Depresyon için Davranışsal Terapinin Gerçek Dünyadaki Faydaları

Yeni bir Alman araştırması, depresyon yönetimi için bilişsel davranışçı terapinin değerini doğruladı.

Johannes Gutenberg Üniversitesi Mainz'de yaşayan araştırmacılar, depresyon için rutin psikoterapötik tedavinin hem etkinliğini hem de yararlı etkisinin boyutunu gösterebildiler.

Araştırmacılara göre, kontrollü klinik çalışmalar, davranışçı terapinin depresif bozukluklarda son derece etkili olduğunu göstermesine rağmen, bazı profesyoneller, normal psikoterapi uygulaması ortamında sağlanan rutin terapi ile fayda olup olmayacağını sorguladılar.

Depresyon, en yaygın psikiyatrik bozukluklardan biridir. Yaşamın herhangi bir anında ortaya çıkabilir ve yaşlıların yanı sıra çocukları ve ergenleri de etkileyebilir. Bununla birlikte, depresyon genellikle bilişsel davranışçı terapi yardımı ile uygun şekilde yönetilebilir.

Johannes Gutenberg Üniversitesi Psikoterapi Polikliniği Polikliniğinden psikolog Amrei Schindler, "Sonuçlarımız randomize kontrollü çalışmalardan bildirilenler kadar olumlu olmasa da, bu koşullar altında davranışsal terapinin de önemli bir değere sahip olduğunu kanıtlayabildik" diyor. Mainz.

Çalışma popülasyonu, 2001-2008 döneminde Mainz Üniversitesi Polikliniğine depresyonla sevk edilen 229 hastadan oluşuyordu. Bunlardan 174'ü tedaviyi erken sonlandırmadı - başka bir deyişle, tedavinin tamamını tamamladı.

Schindler, "Ortalama olarak, hastalar kliniğimizde 35 terapi seansına katıldı, böylece her tedavi kursu yaklaşık 18 ay sürdü," diye açıklıyor.

Sonuçlar önceden tanımlanmış üç noktada kaydedildi. Toplam 229 hastadan oluşan örneklem için toplanan verilerin değerlendirilmesi, tedavi süresince depresif belirtiler ve psikolojik belirtilerin önemli ölçüde azaldığını göstermiştir.

Depresif belirtilerin öz değerlendirmesi için dünya çapında kullanılan standart bir anket olan Beck Depresyon Envanteri (BDI) kullanılarak elde edilen sonuçlara dayanarak, katılan tüm hastaların yüzde 61'i semptomlarında yüzde 50'den daha iyi bir iyileşme elde etti.
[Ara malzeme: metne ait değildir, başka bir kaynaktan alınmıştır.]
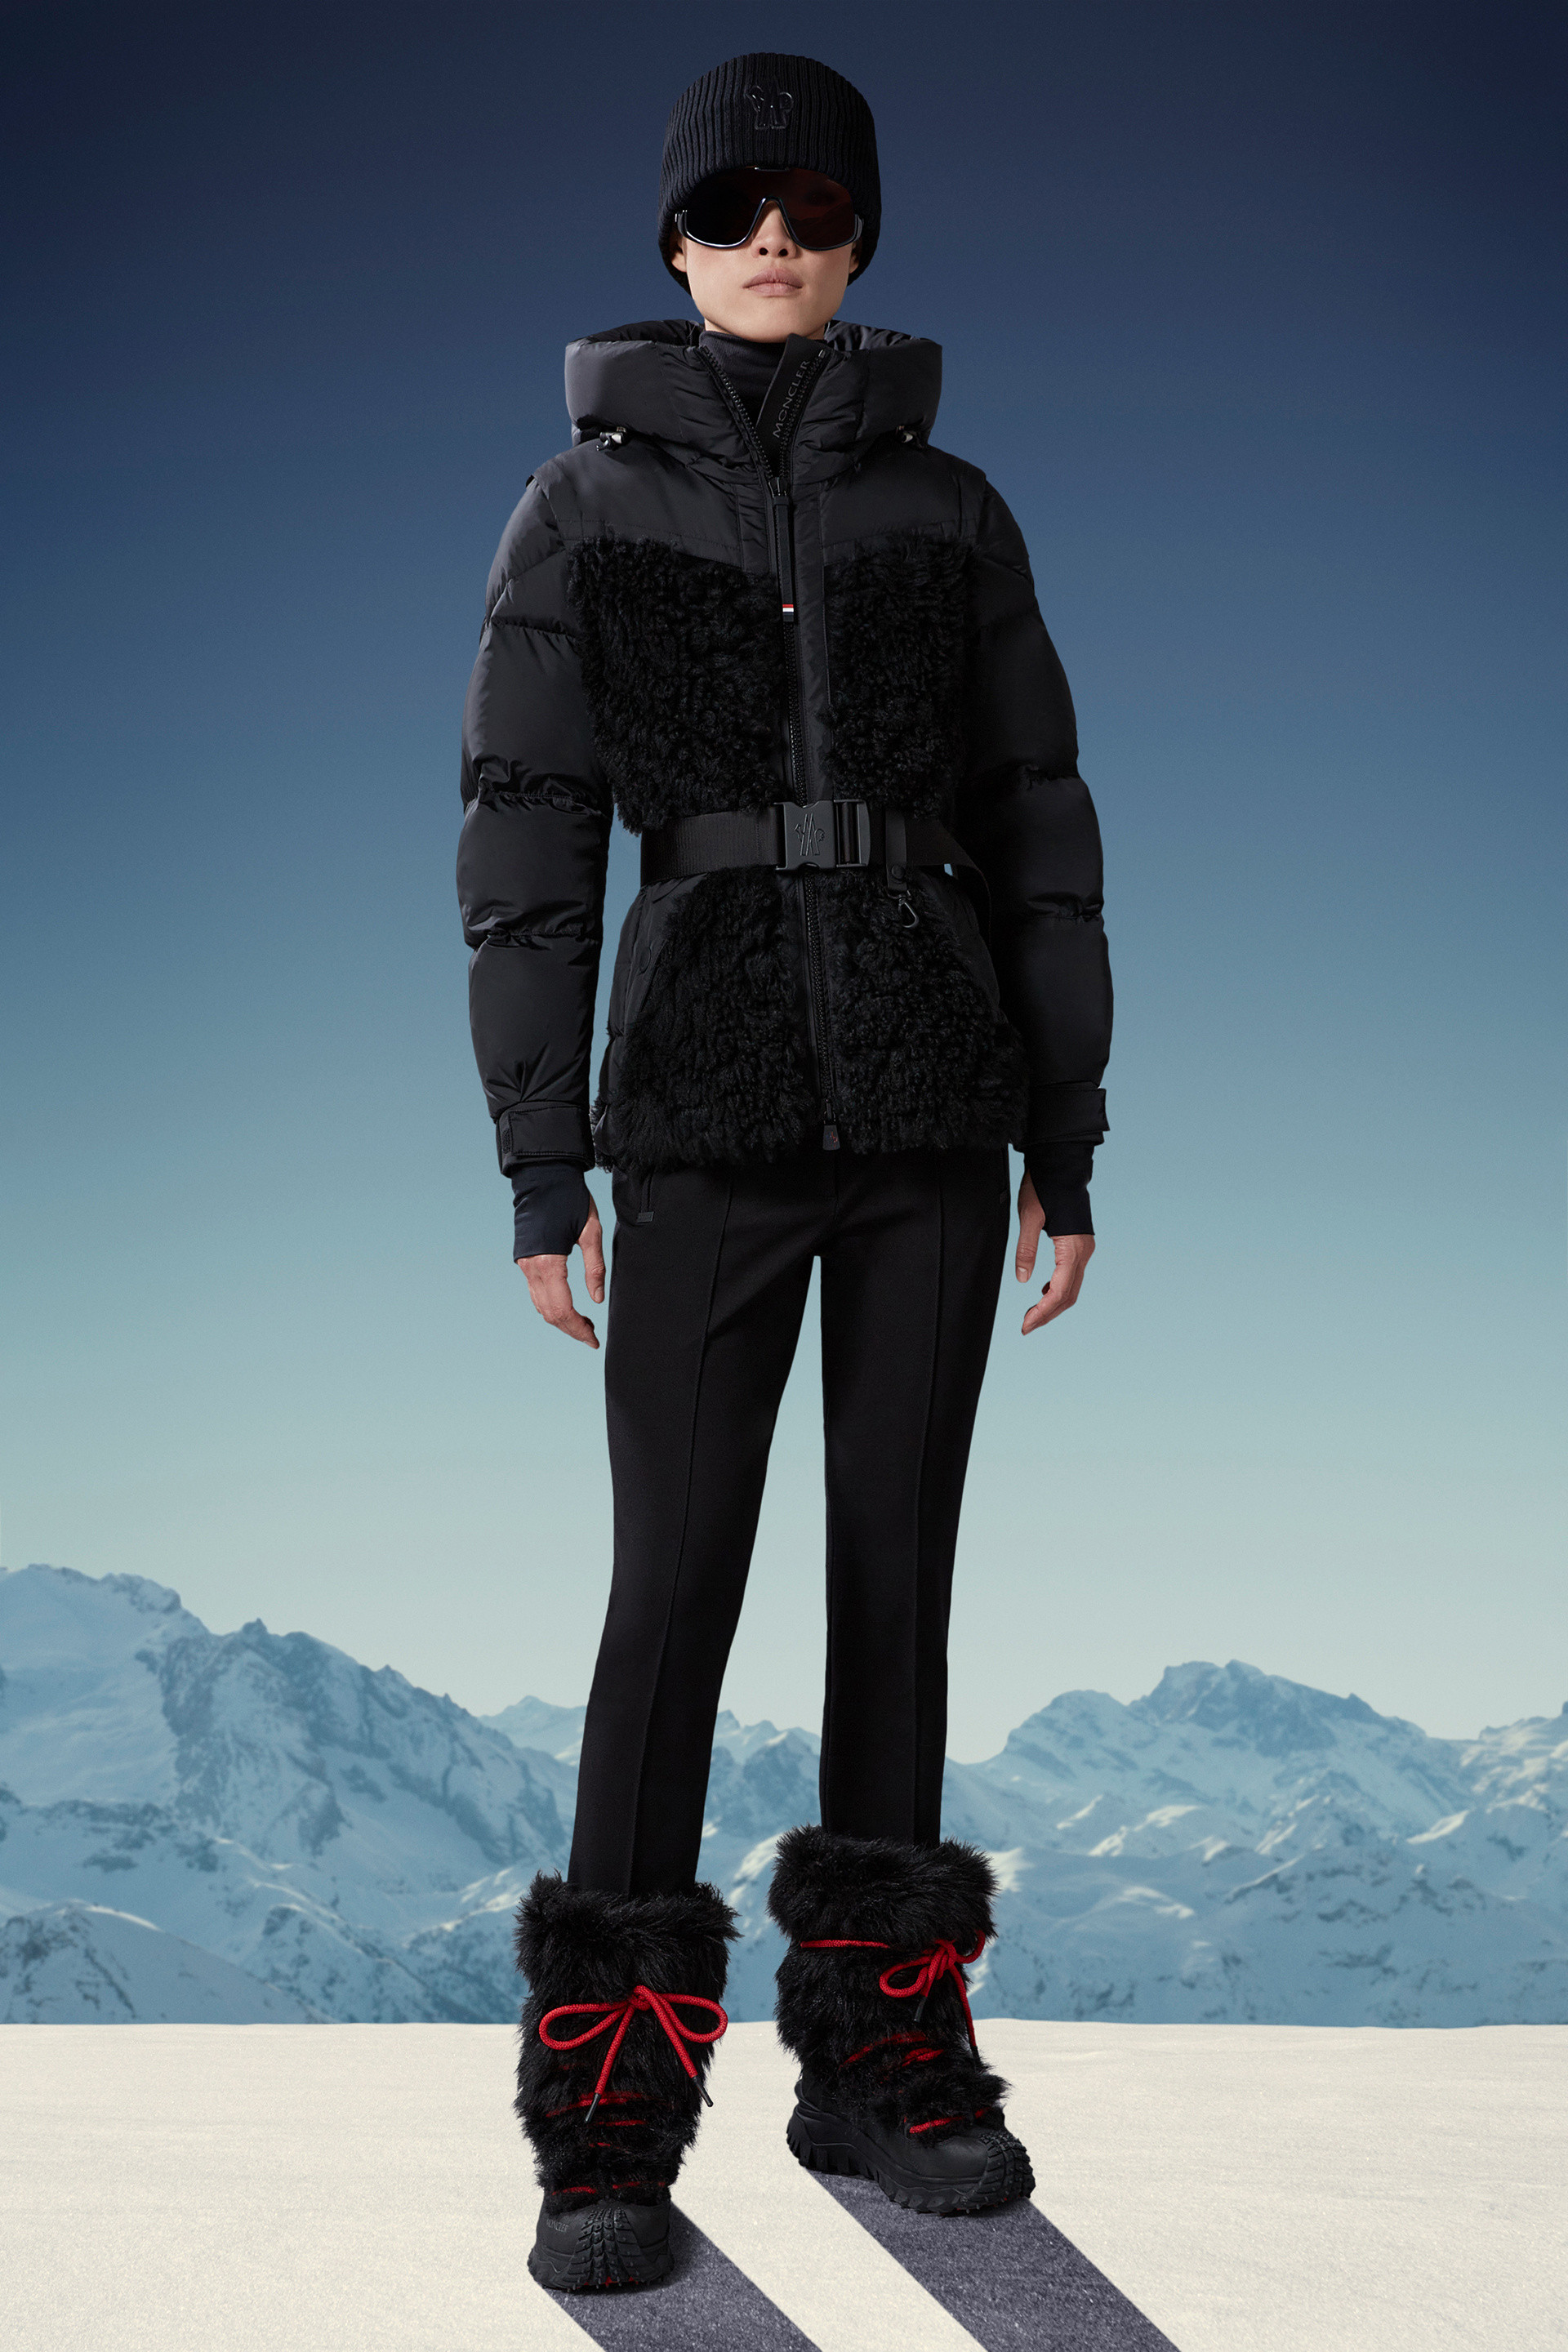 Hainet ski jacket in black - Moncler Grenoble

Hastaların terapiye katılırken psikotrop ilaç kullanıp kullanmadıklarının da bu koşullar altında sonuç üzerinde hiçbir etkisi olmadığı açıktır.

Hastaların tedaviye başlayabilmeleri için normalde birkaç ay beklemeleri gerekir; çalışma popülasyonu durumunda, bu bekleme süresi yaklaşık beş aydı.

Tedavinin seyri için kayıt sırasında ve tedavinin başlangıcında depresyonla ilgili parametrelerin karşılaştırılmasında, bu bekleme süresi boyunca depresif belirtilerde algılanabilir bir değişiklik olmadığı bulundu.

Schindler, "İyileştirmelerin fiilen davranışçı terapiye atfedilebileceği ve psikotropik ilaç kullanımının veya kendiliğinden remisyonun sonucu olmadığı veya en azından tek başına olmadığı sonucuna vardık" dedi.

Schindler ayrıca, tedavinin tamamının tamamlandığı vakalardaki kadar belirgin olmamasına rağmen, tedaviyi erken bırakan hastalarda da belirgin iyileşmeler olduğuna dikkat çekiyor.

Bununla birlikte, çalışmanın sonuçları, aynı zamanda, terapi, Üniversite Kliniğinde olduğu gibi, ampirik koşullar altında sağlandığında, araştırma amaçlı tasarlanmış randomize kontrollü çalışmaların koşulları kadar etkili olmadığını da göstermektedir.

Bu etkinin hasta popülasyonları arasındaki farklılıklarla ilişkili olup olmadığını ve ne ölçüde ilişkili olduğunu belirlemek için başka bir çalışma yapılacaktır.